Is the gender wage gap widening in insurance?

Desjardins sheds light

Is the gender wage gap widening in insurance?

Insurance News

By Gia Snape

While many Canadian industries have made progress toward narrowing the gender wage gap over the past decade, insurance has gone the opposite way.

Data from Statistics Canada and Desjardins Economic Studies has shown that the gender wage gap widened in insurance between 2013 and 2023. That’s despite women holding 56% of roles in insurance.

The findings were shown in a recent Desjardins report highlighting persistent gender disparities in the Canadian workforce.

The research found that despite the narrowing of gaps, significant barriers remain to a more equitable environment for women professionals and entrepreneurs.

“Narrowing the earnings gap is not just a women’s issue, it’s an issue for all Canadians,” said Kari Norman (pictured), Desjardins economist and the study’s co-author.

Gender wage gap – how does Canada and its industries fare?

Despite being highly educated, Canadian women earn an average of 17% less than men, according to the Desjardins study.

This figure is significantly higher than other Organisation for Economic Co-operation and Development (OECD) peers, with the OECD average standing at 12%.


At the industry level, wholesale and retail trade, utilities, educational services, and construction were among the industries that improved the most in closing the gender wage gap.

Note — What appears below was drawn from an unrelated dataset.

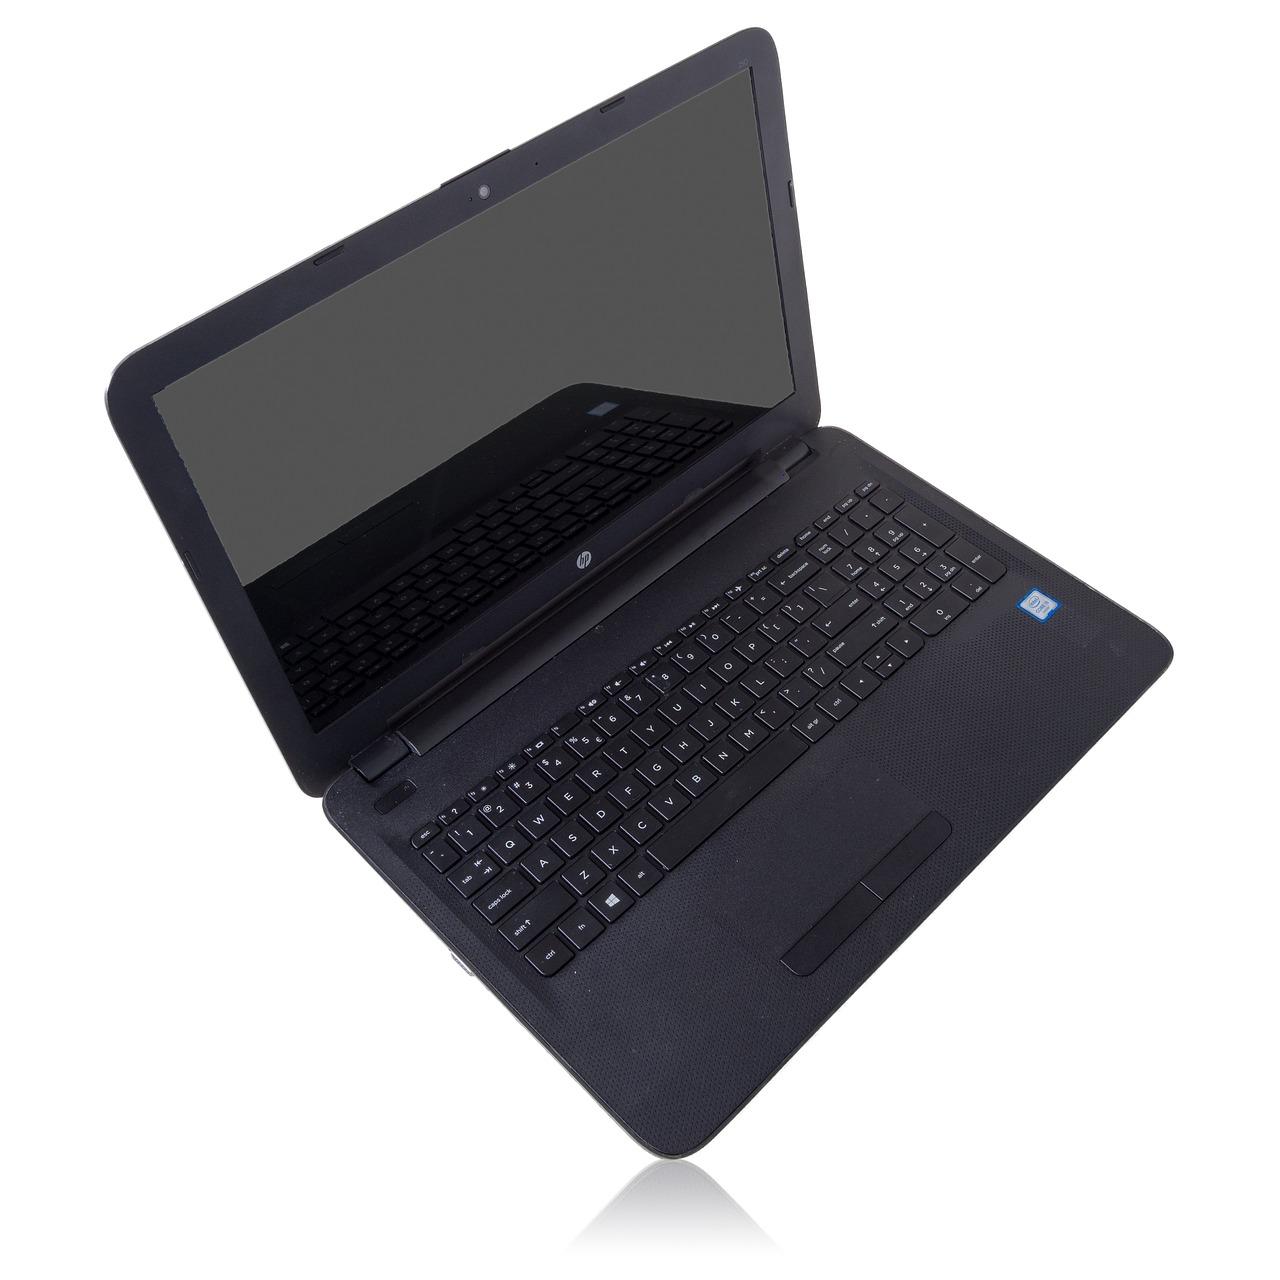 Serwis HP - sposób na tchnięcie nowego życia w sprzęt HP
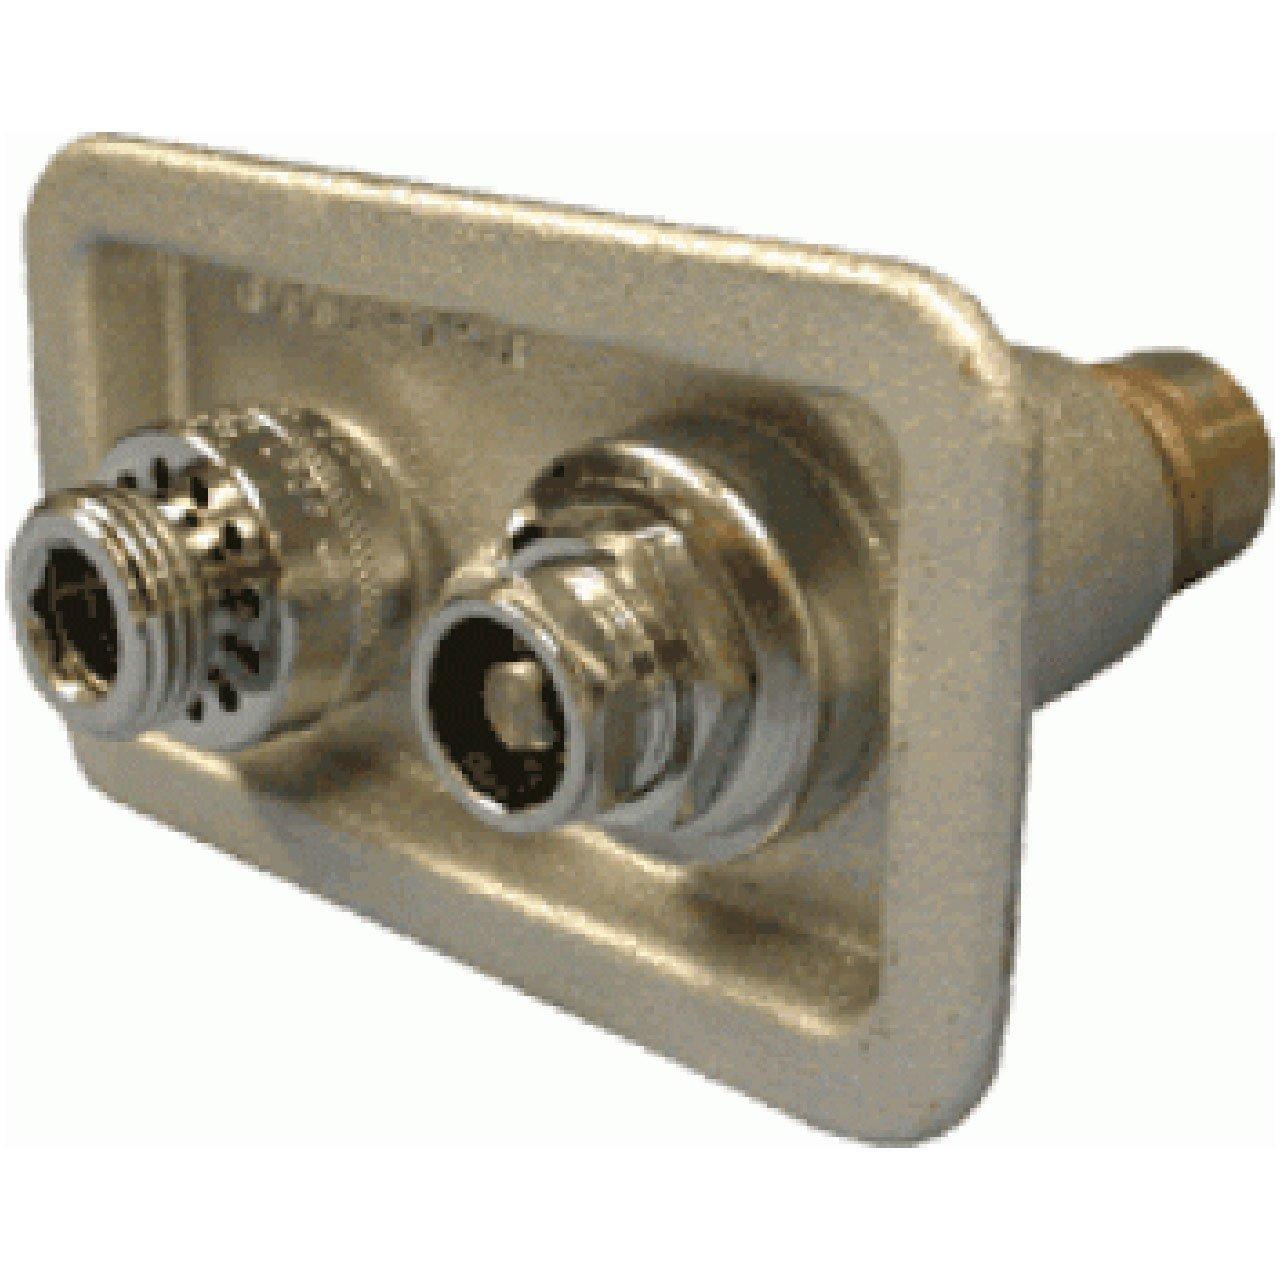 Woodford 74bx-k 74, 75, 76, 79, hộp khóa thành phần Chromium

Meanwhile, insurance joined finance, real estate, business, forestry, fishing, and mining as sectors lagging wage parity.


Entrepreneurship, often heralded as a realm of innovation and opportunity, presents an even more sobering picture for Canadian women. Despite comparable qualifications and business proposals, Desjardins’ analysis found that women entrepreneurs continue to grapple with systemic bias.

“The findings show that women are significantly less likely to get financing for their small businesses, and that is on studies where men and women go in and use the same presentation,” Norman said.

“It’s not that women are selling themselves less well than men. But even with all else being equal, they’re less likely to receive funding, and when they do receive funding, it’s likely to be for a smaller amount.”

What’s accounting for the persistent wage gap in insurance?

While some of Canada’s gender wage disparities can be attributed to occupational segregation, wherein women tend to gravitate towards lower-paying fields, a substantial gap persists within similar roles and industries.

Desjardins cited an OECD study that noted about three-quarters of the gender wage gap resulted from the same firm paying men more than women with similar skills, mainly due to differences in task and responsibility assignments.

Claudia Goldin, the 2023 Nobel laureate in economics, found that the disparity in earnings between genders varies notably across different occupations and that the gap is far wider in fields such as law and business administration.

This trend aligns with Canadian data, which shows that professional services, such as law, business consultancy, and insurance, exhibit the largest wage gap.

Additionally, factors such as the “mummy tax”, wherein women experience a significant earnings penalty upon becoming mothers, contributes to long-term disparities in income and wealth accumulation.

Women’s roles as caregivers, both for children and elderly relatives, often results in career interruptions and lower earnings potential, perpetuating the cycle of economic inequality.

Norman stressed that policies aimed at promoting workplace flexibility and supporting women’s participation in STEM fields are crucial steps toward closing the gender wage gap.

She also highlighted that the private sector must acknowledge the benefits of greater diversity in their workplace and take bigger steps towards making flexible work attainable.

“For businesses, greater diversity in management and boards of directors can lead to increased profitability. It makes Canada a more profitable and prosperous country with higher productivity and GDP growth, and it increases the Canadian standard of living overall,” Norman told Insurance Business.

“And it doesn’t come at the expense of men’s earnings. It’s not a zero-sum game. A rising tide lifts all boats.”